Entries linking to empathic
1908, modeled on German Einfühlung (from ein "in" + Fühlung "feeling"), which was coined 1858 by German philosopher Rudolf Lotze (1817-1881) as a translation of Greek empatheia "passion, state of emotion," from assimilated form of en "in" (see en- (2)) + pathos "feeling" (from PIE root *kwent(h)- "to suffer"). A term from a theory of art appreciation that maintains appreciation depends on the viewer's ability to project his personality into the viewed object.

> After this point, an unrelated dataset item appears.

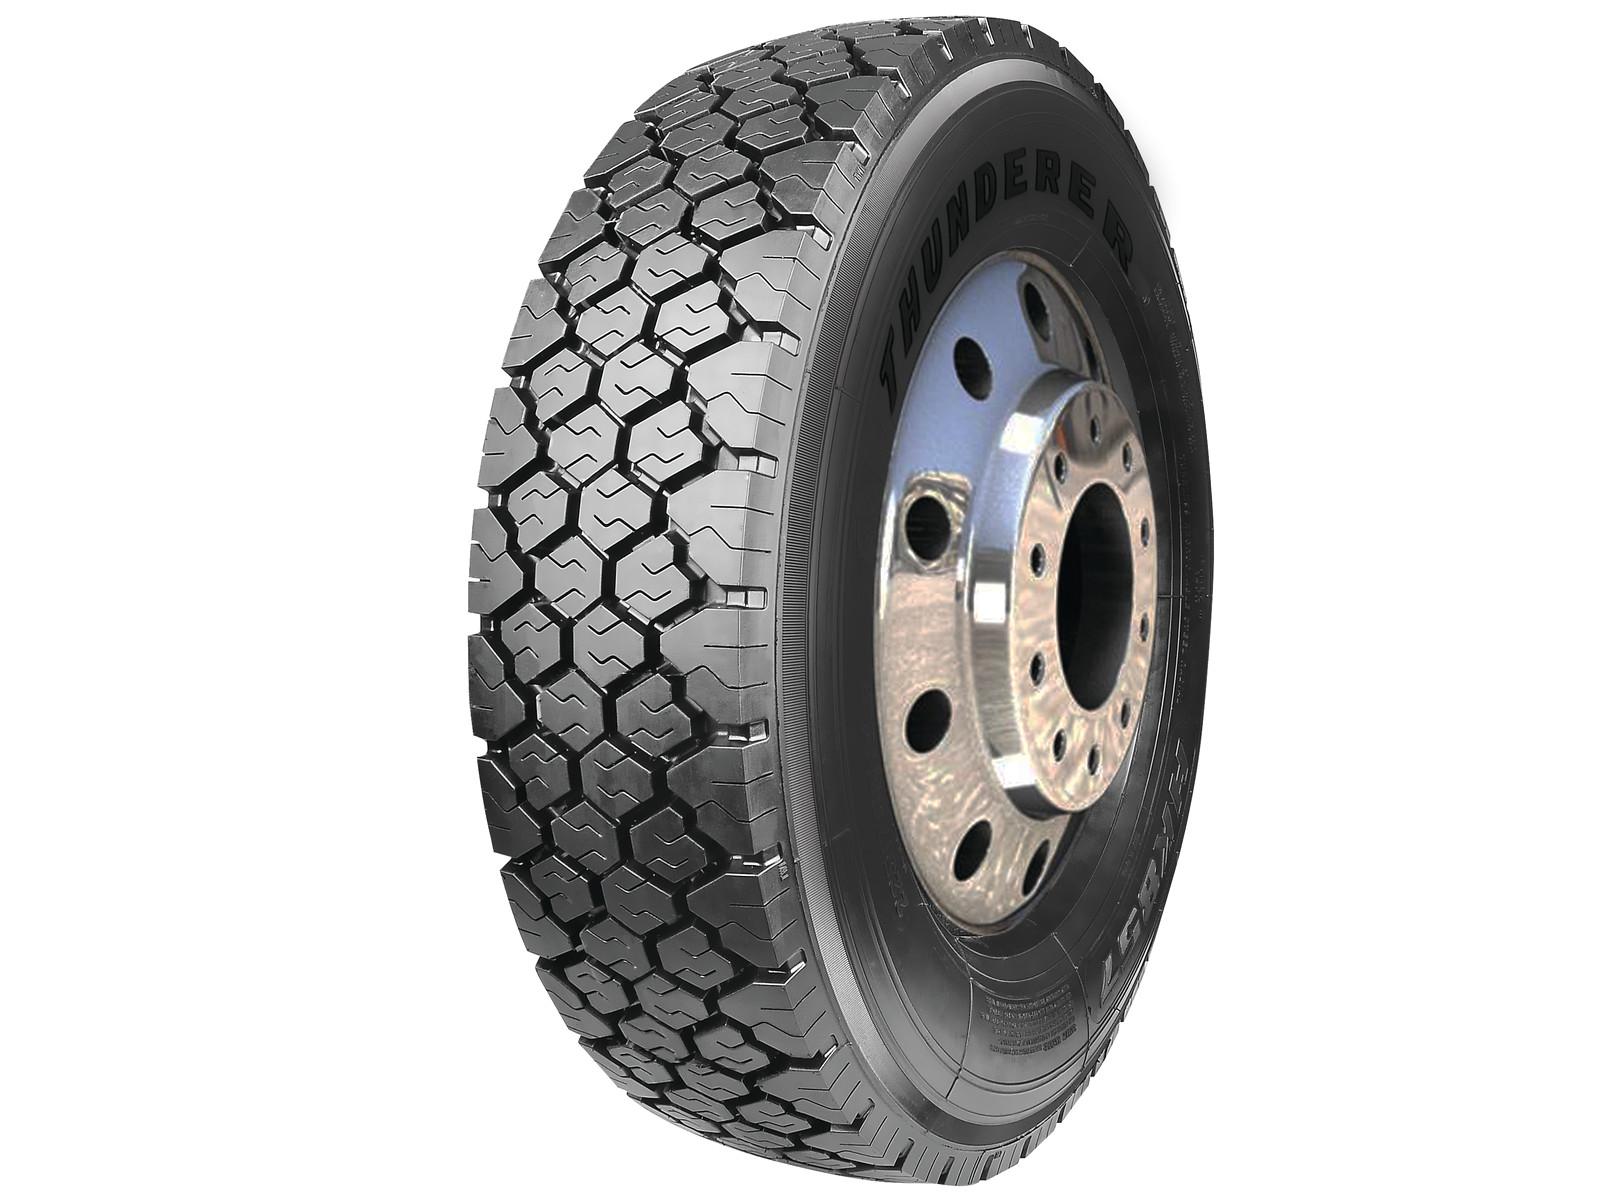 Dons Tire Abilene Ks Don S Tire Supply Quality Tire Sales and Abilene Kansas
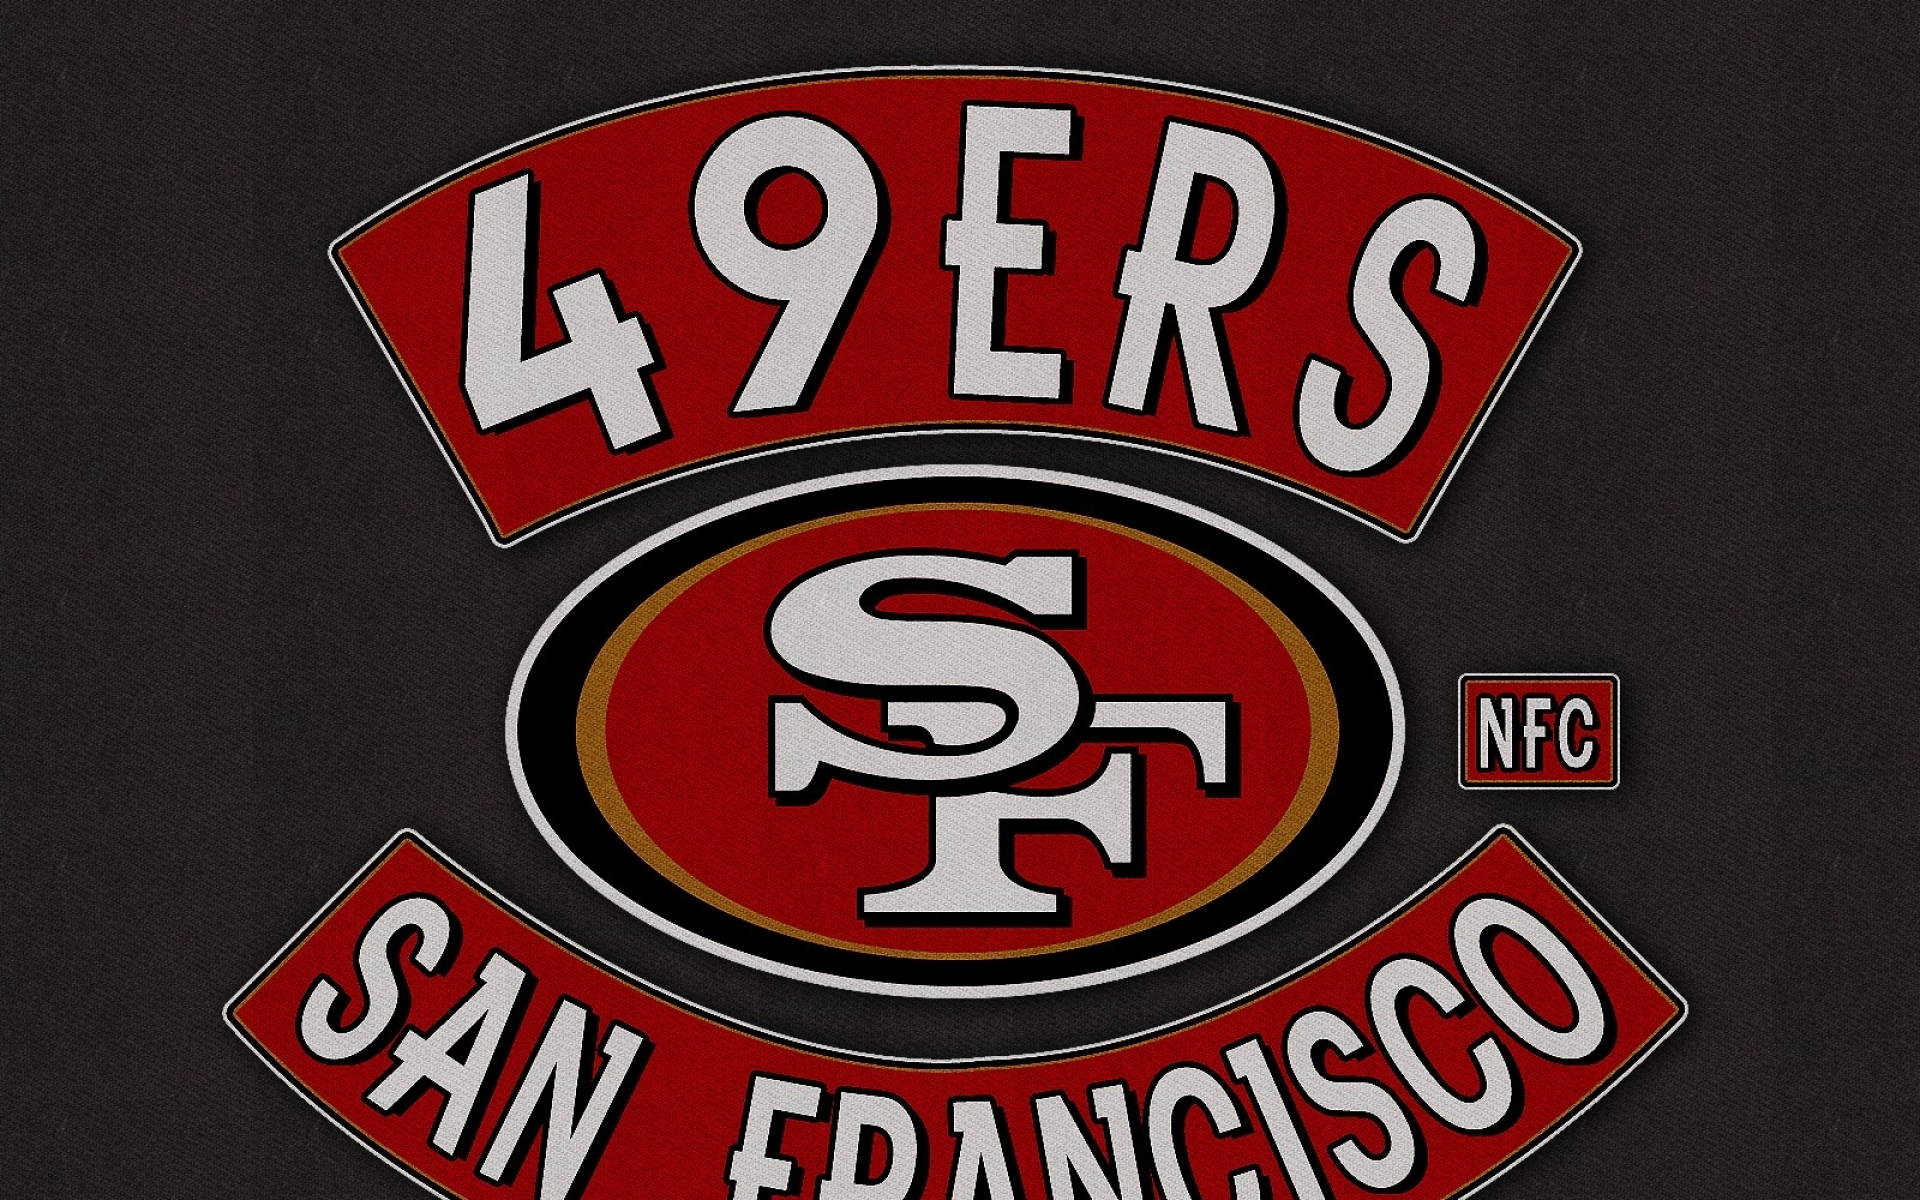 SAN FRANCISCO 49ers nfl football ru wallpaper 1920x1200 154206 1920x1200

Not only do I see gravity and modesty and pride and courtesy and stateliness, but I feel or act them in the mind's muscles. This is, I suppose, a simple case of empathy, if we may coin that term as a rendering of Einfühlung; there is nothing curious or idiosyncratic about it; but it is a fact that must be mentioned. [Edward Bradford Titchener, "Lectures on the Experimental Psychology of the Thought Processes," 1909]
... there is no doubt that the facts are new and that they justify their name: the art work is a thing of "empathy" (Titchener, Ward), of "fellow feeling" (Mitchell), of "inner sympathy" (Groos), of "sympathetic projection" (Urban), of "semblance of personality" (Baldwin), all terms suggested by different writers as renderings of the German Einfühlung. ["The American Yearbook," 1911]
Middle English -ik, -ick, word-forming element making adjectives, "having to do with, having the nature of, being, made of, caused by, similar to," from French -ique and directly from Latin -icus or from cognate Greek -ikos "in the manner of; pertaining to." From PIE adjective suffix *-(i)ko, which also yielded Slavic -isku, adjectival suffix indicating origin, the source of the -sky (Russian -skii) in many surnames. In chemistry, indicating a higher valence than names in -ous (first in benzoic, 1791).
In Middle English and after often spelled -ick, -ike, -ique. Variant forms in -ick (critick, ethick) were common in early Modern English and survived in English dictionaries into early 19c. This spelling was supported by Johnson but opposed by Webster, who prevailed.